Rudolf Fuchshofer,1 Ulrich Welge-Lüssen,2 Elke Lütjen-Drecoll,3 and Marco Birke3

1From the Department of Human Anatomy, University Regensburg, Regensburg, Germany; the 2Department of Ophthalmology, Maximilians-University, Munich, Germany; and the 3Department of Anatomy II, Friedrich Alexander University, Erlangen, Germany.

PURPOSE. To determine whether cells of the cribriform trabecular meshwork (TM) express basement membrane (BM) components similar to corneoscleral TM cells and to determine whether cribriform cells are connected to the elastic tendon net of the TM.

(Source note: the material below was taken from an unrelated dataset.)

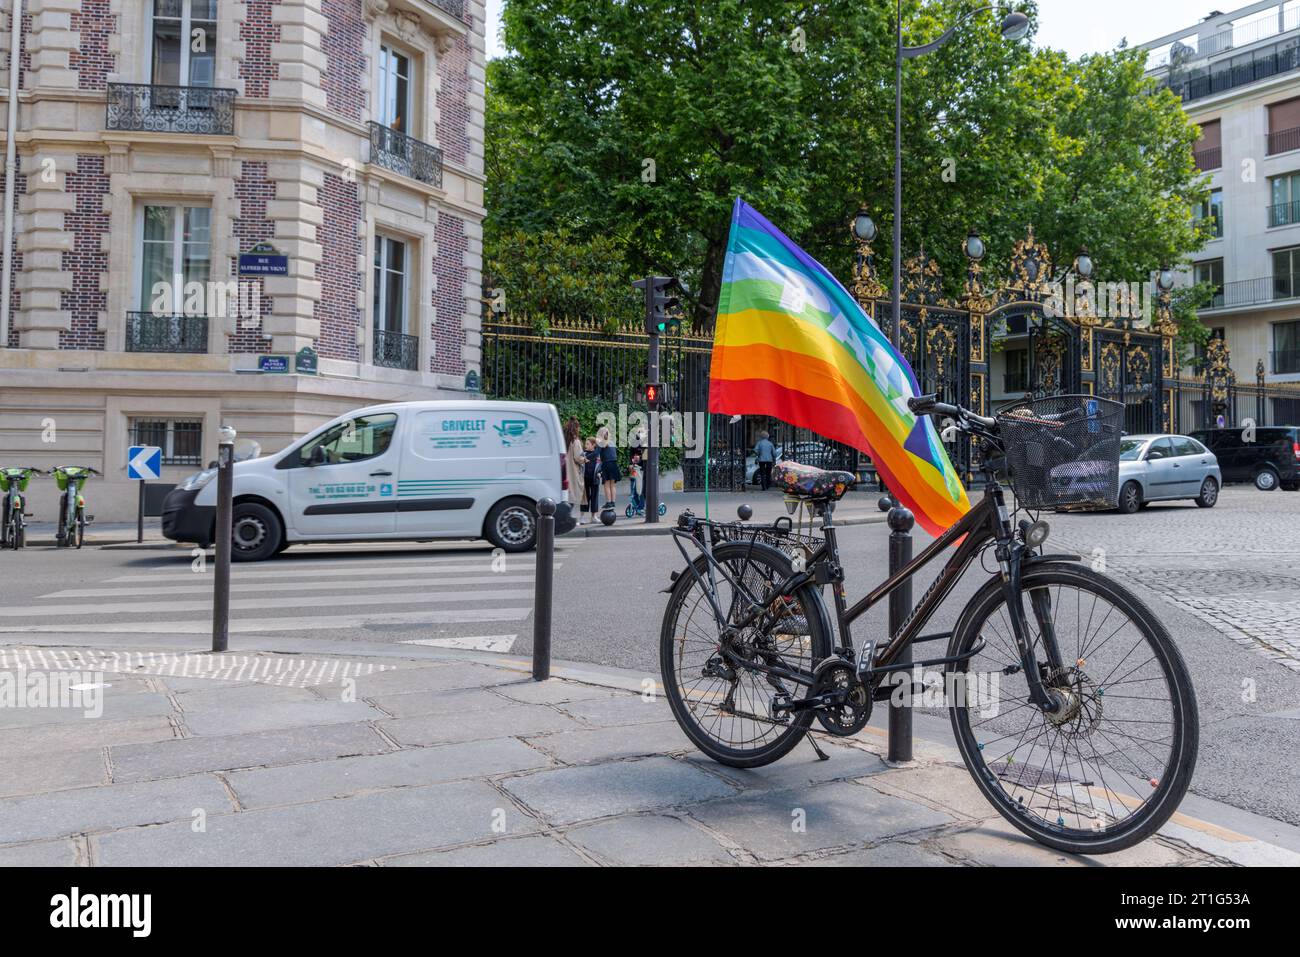 Vélo garé au premier plan, portant un drapeau arc-en-ciel avec le mot 'paix' ('paix'). En arrière-plan, les voitures passent devant l'entrée ornée d'un parc parisien. Banque D'Images

METHODS. TM cells of the corneoscleral and the cribriform regions were cultured from 10 eyes of 10 donors, aged 20 to 87 years. Cell types were classified by {alpha}-smooth muscle actin (smA), desmin, and {alpha}B-crystallin staining. Expression of collagen type IV (ColIV) chains {alpha}1 to 6; collagen type VIII (ColVIII) {alpha}1; laminin subunits {alpha}1 to 5, ß1 to 3, and {gamma}1 to 3; and nidogen 1 and 2 was tested in both cell types by semiquantitative RT-PCR (sqPCR). Expression of ColIV{alpha}2, ColVIII{alpha}1, laminin ß2, and nidogen 1 was quantified by Northern blot analysis. The response to transforming growth factor (TGF)-ß2 treatment was investigated. Serial tangential and sagittal TM sections of 16 eyes from 10 donors (aged 12–90 years) were used for electron- and immunoelectron microscopy.

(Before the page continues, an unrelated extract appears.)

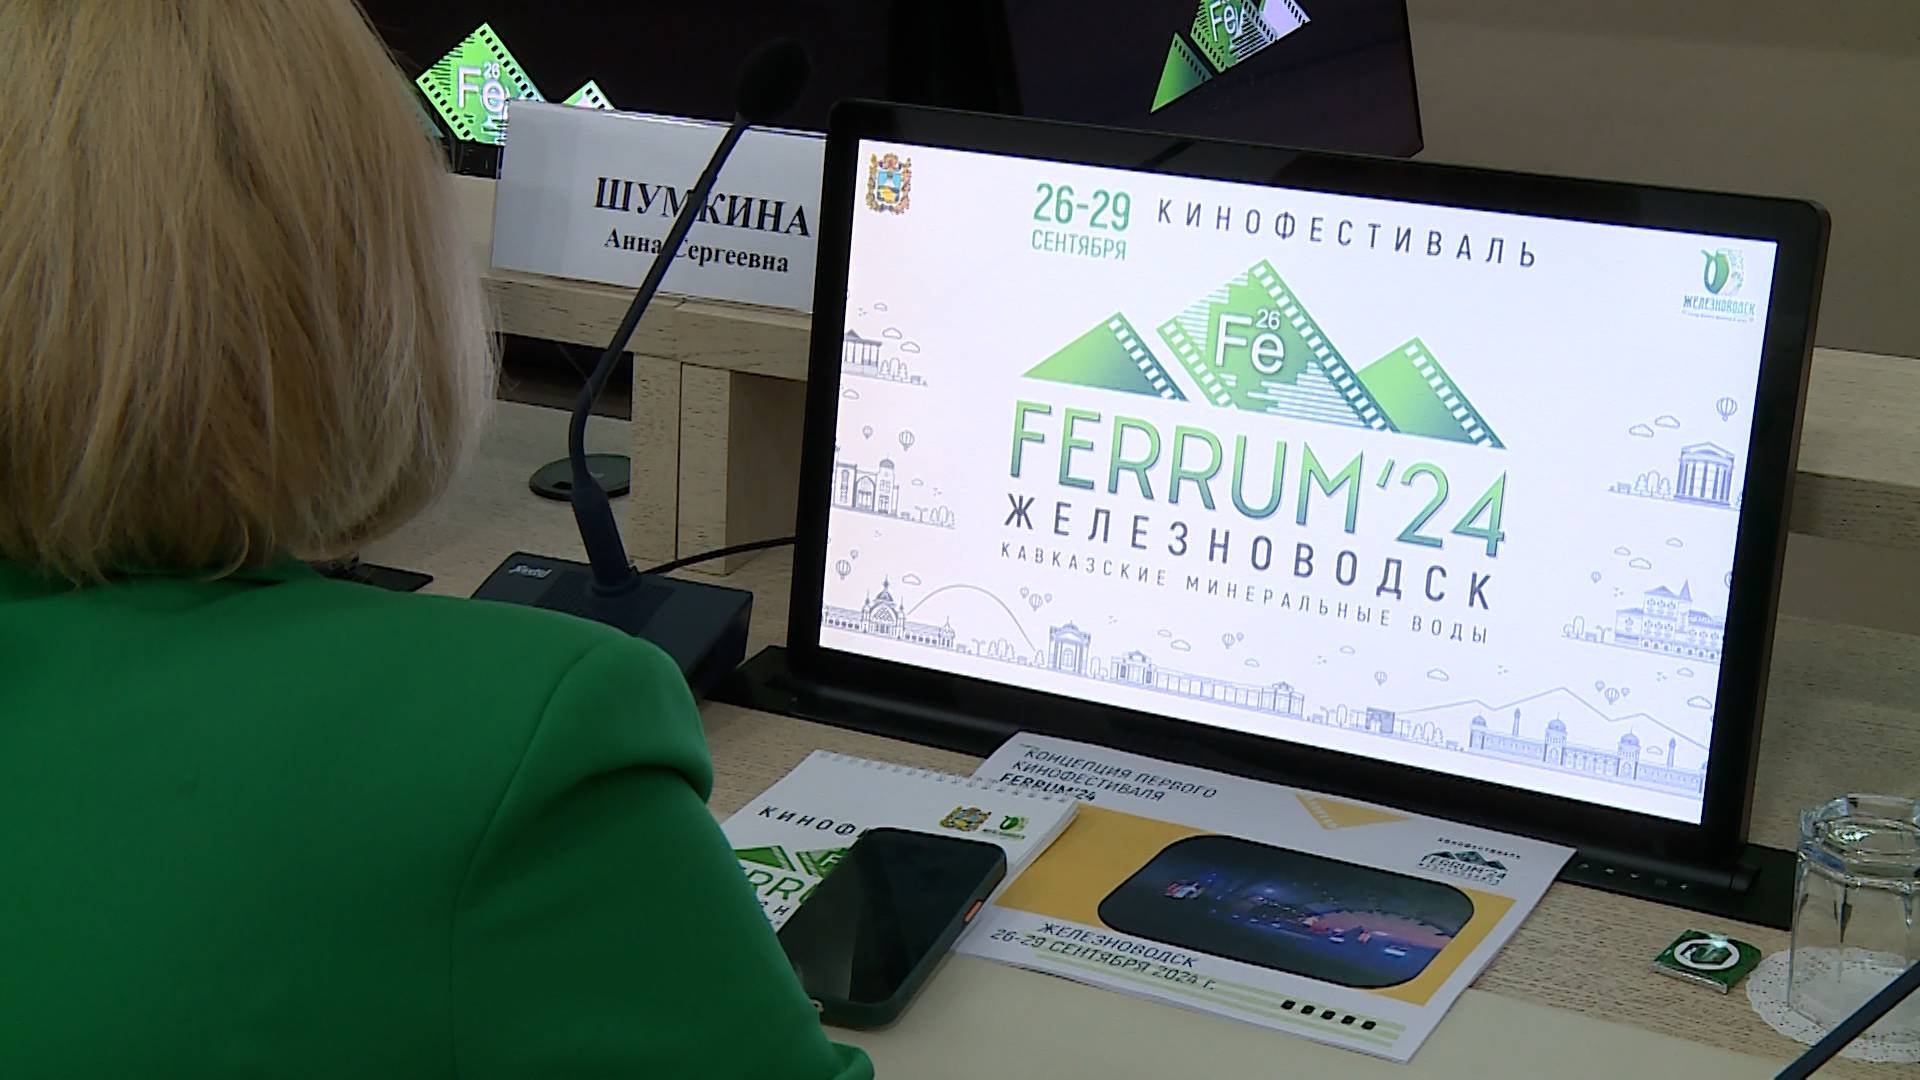 Кинофестиваль Ferrum-24 анонсировали губернатор Ставрополья и министр культуры РФ

RESULTS. Both TM cell types expressed ColIV chains {alpha}1, {alpha}2, {alpha}4, {alpha}5, and {alpha}6; ColVIII {alpha}1; laminin subunits {alpha}3, {alpha}4, ß1, ß2, ß3, {gamma}1, and {gamma}2; and nidogen 1, as determined by Northern blot analysis and sqPCR. ColIV {alpha}3; laminin subunits {alpha}1, {alpha}2, and {gamma}3; and nidogen 2 were not detectable by PCR. Responses to TGF-ß2 treatment did not differ between cell types. In vivo, all cribriform cells were in contact with ColIV containing BM material and were found to connect to the cribriform elastic network.

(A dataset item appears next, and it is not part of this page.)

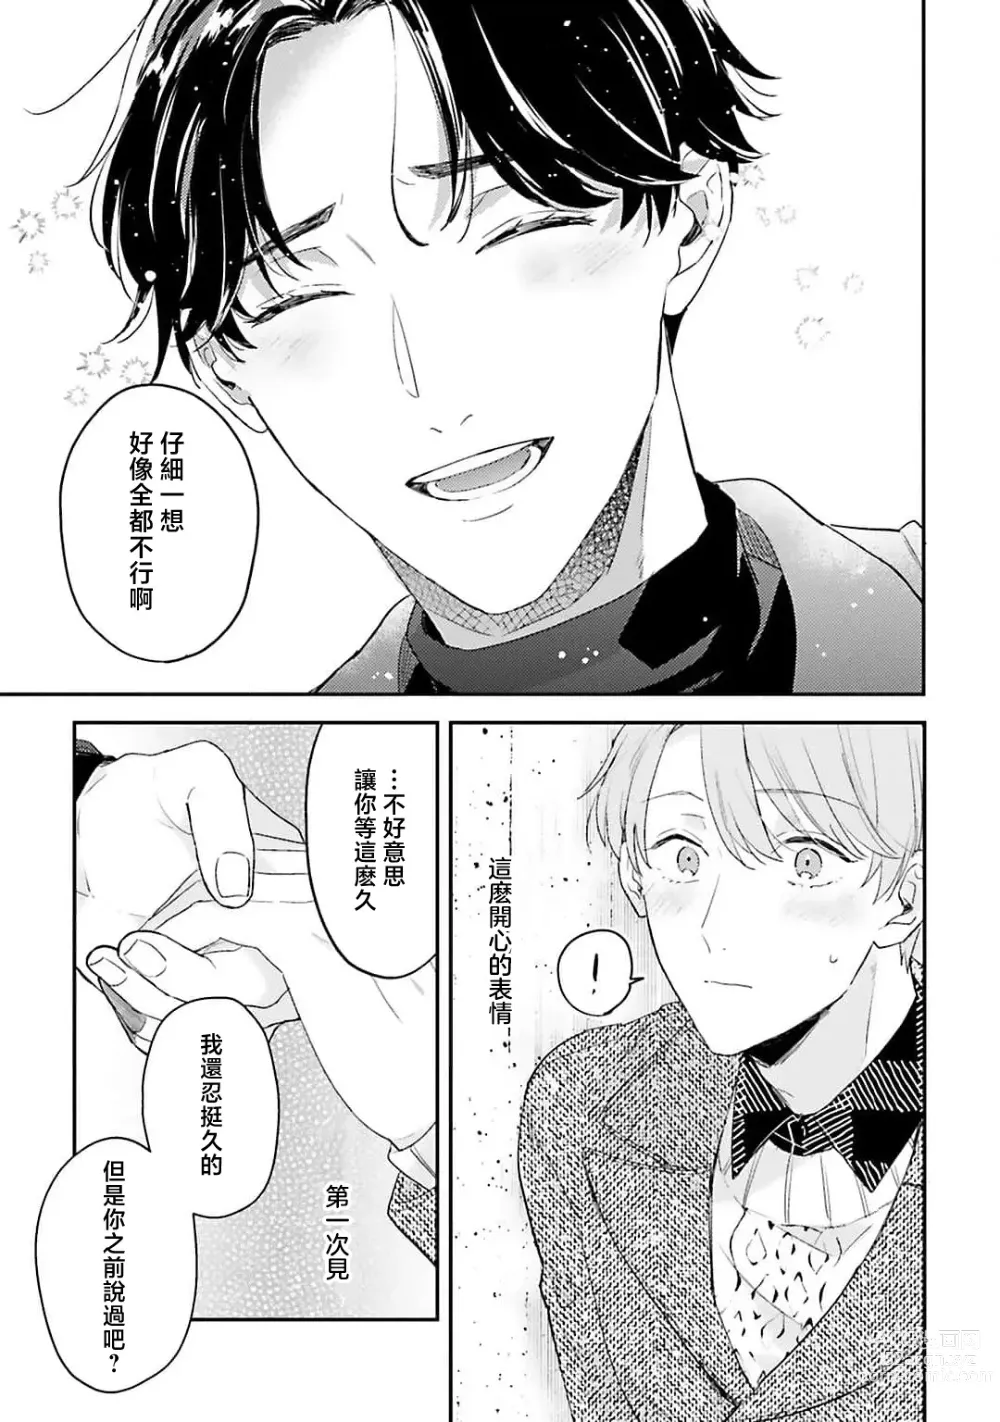 Page 149 of manga 绽放的恋爱皆为醉与甜1-5

CONCLUSIONS. Cribriform and corneoscleral TM cells show no differences in expression of BM components and response to TGF-ß2. The direct connection of cribriform cells to the elastic tendon network suggests that they are under mechanical tension. This could explain previous findings of {alpha}B-crystallin expression in the cribriform region.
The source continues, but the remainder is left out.